Мари Галант. Книга 2, стр. 56

– Обещайте! Обещайте непременно, дитя мое! Надо выиграть время, – шепнул иезуит.

– Ну что же, господа, вот мой ответ, – заговорила Мари, обращаясь к делегатам. – Высший Совет собирается завтра для обсуждения вопросов, только что изложенных мне. Я могу вас заверить, что мера, которую колонисты считают унизительной, будет отменена с завтрашнего дня. Кроме того, уже сегодня мы приняли решение объявить войну дикарям до полного их уничтожения. Операцию возглавит комендант де Лубьер. Добровольцы могут записываться с завтрашнего дня… Ступайте и передайте тем, кто вас послал, эти новости.

– Прошу прощения, – вступил в разговор Сигали. – Остался еще один вопрос: о шевалье де Мобре.

– Завтра он будет рассмотрен в Совете.

– Нам кажется, мадам, что, раз вы сумели уже сегодня уладить первые два вопроса, вам также следует решить судьбу и третьего. Может быть, из всех этот вопрос – наиболее значимый. Мы не поощряем присутствия предателей на Мартинике, особенно не желаем, чтобы нас продавали англичанам.

– Вы забываете, чем обязаны шевалье де Мобре. Именно он добыл для вас секрет отбелки сахара…

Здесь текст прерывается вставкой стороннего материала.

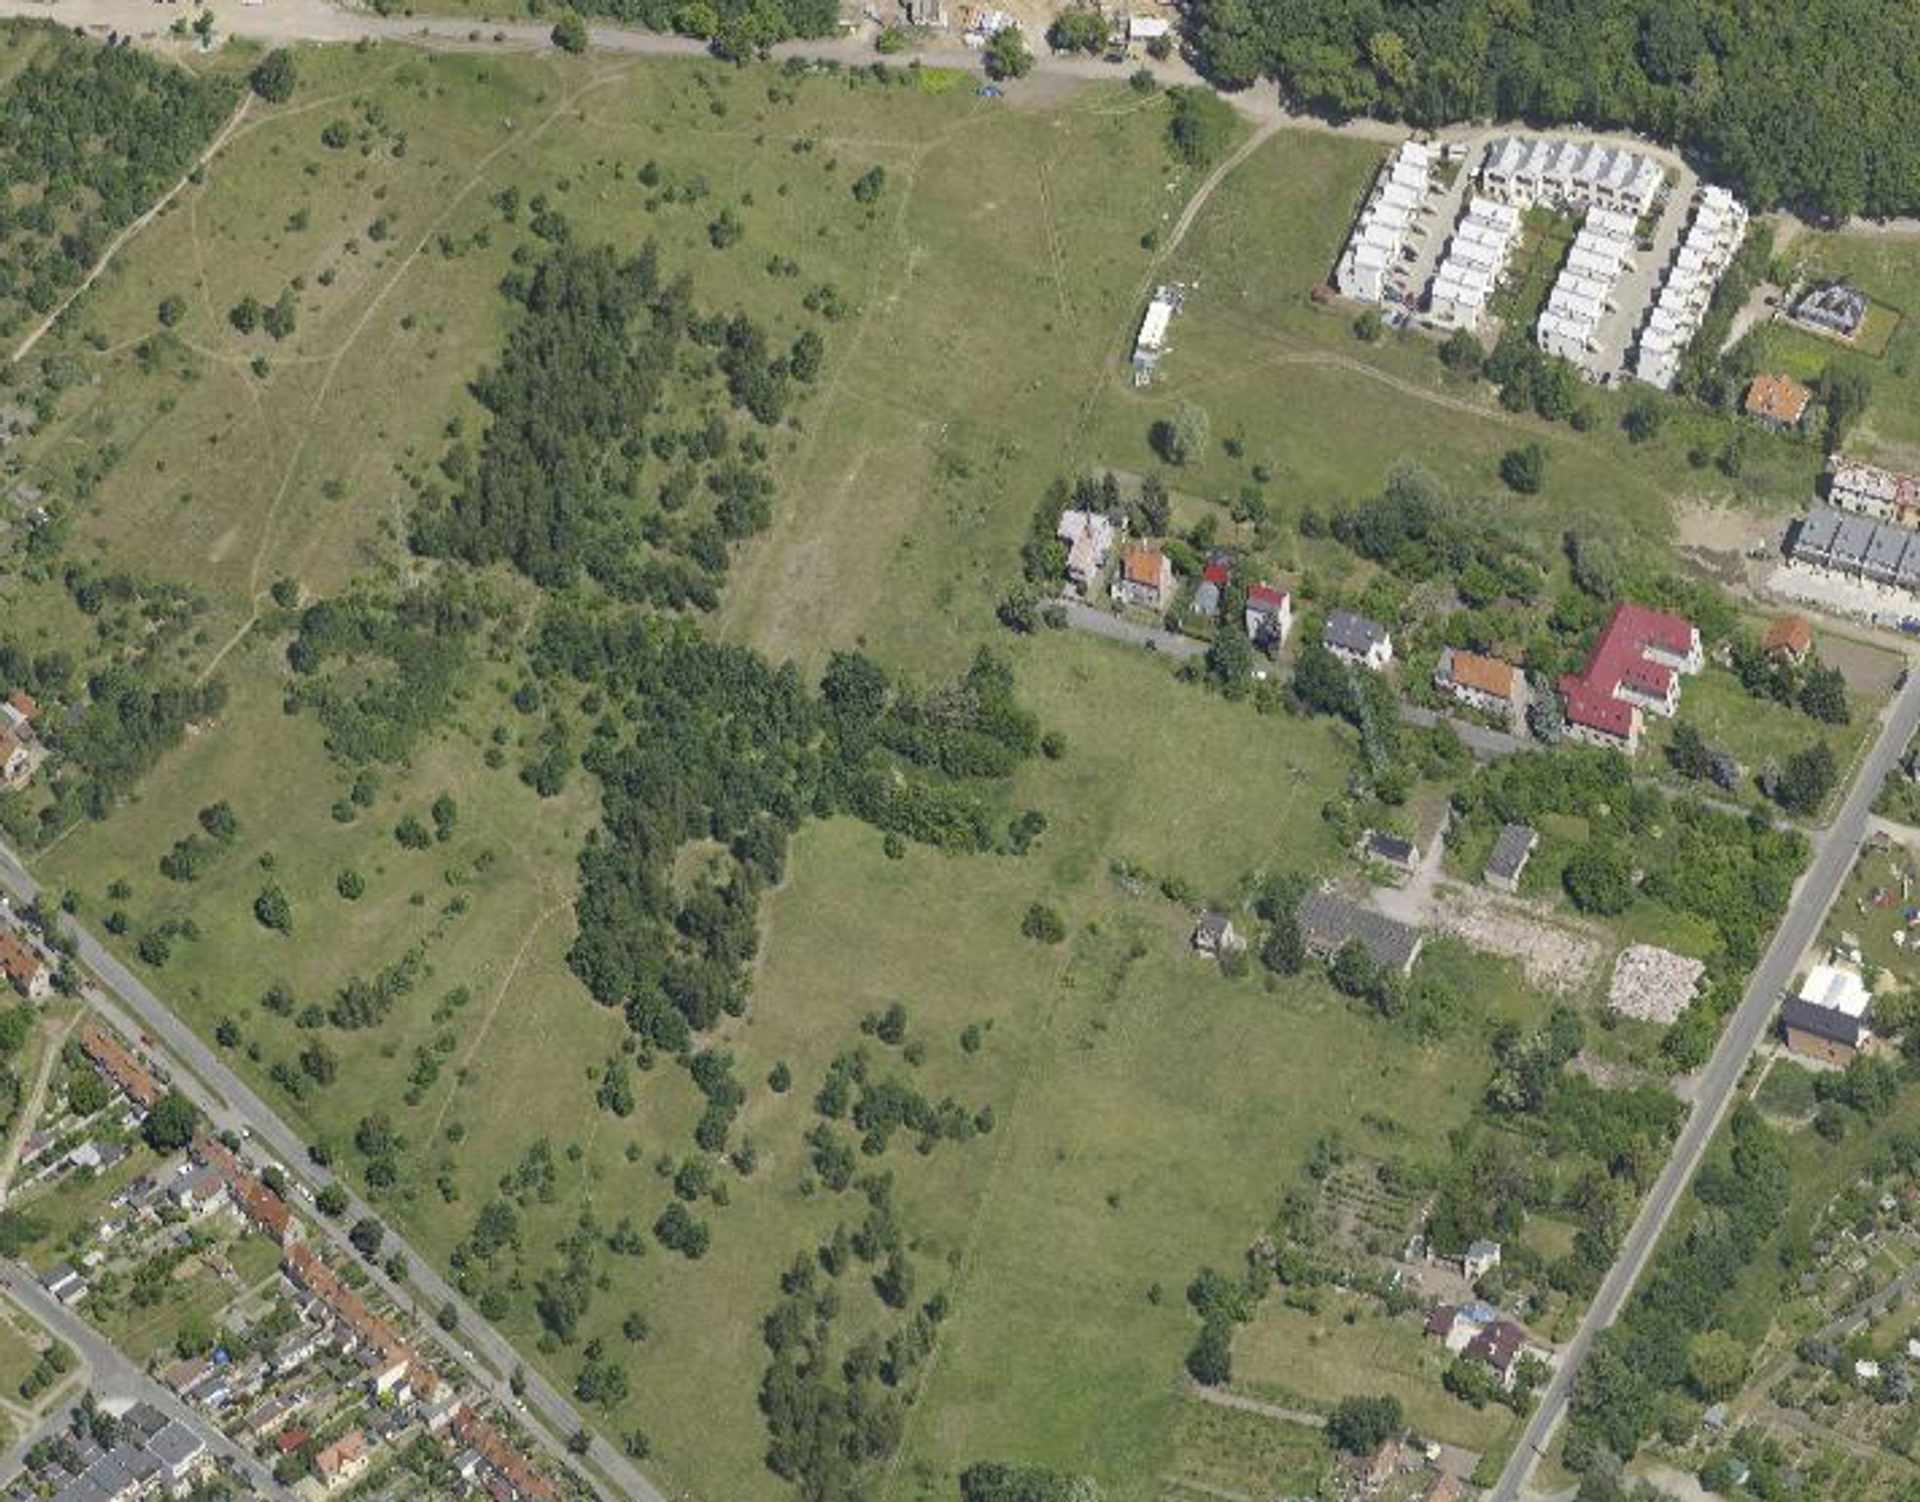  Będzie kolejna nowa inwestycja mieszkaniowa na wrocławskich Maślicach

– А в обмен на это он вступает в заговоры, намереваясь отдать нас протектору Кромвелю.

– Шевалье – не предатель!

– Мадам! – еще тверже возразил Сигали, видя, что генеральша готова стоять до последнего. – Я не отвечаю за действия поселенцев, если не передам им, что вы решительно обещаете вывести шевалье де Мобре из Совета.

– Вывести его из Совета! – повторила Мари, чувствуя, как у нее сжалось сердце, и догадываясь, что ей опять придется уступить.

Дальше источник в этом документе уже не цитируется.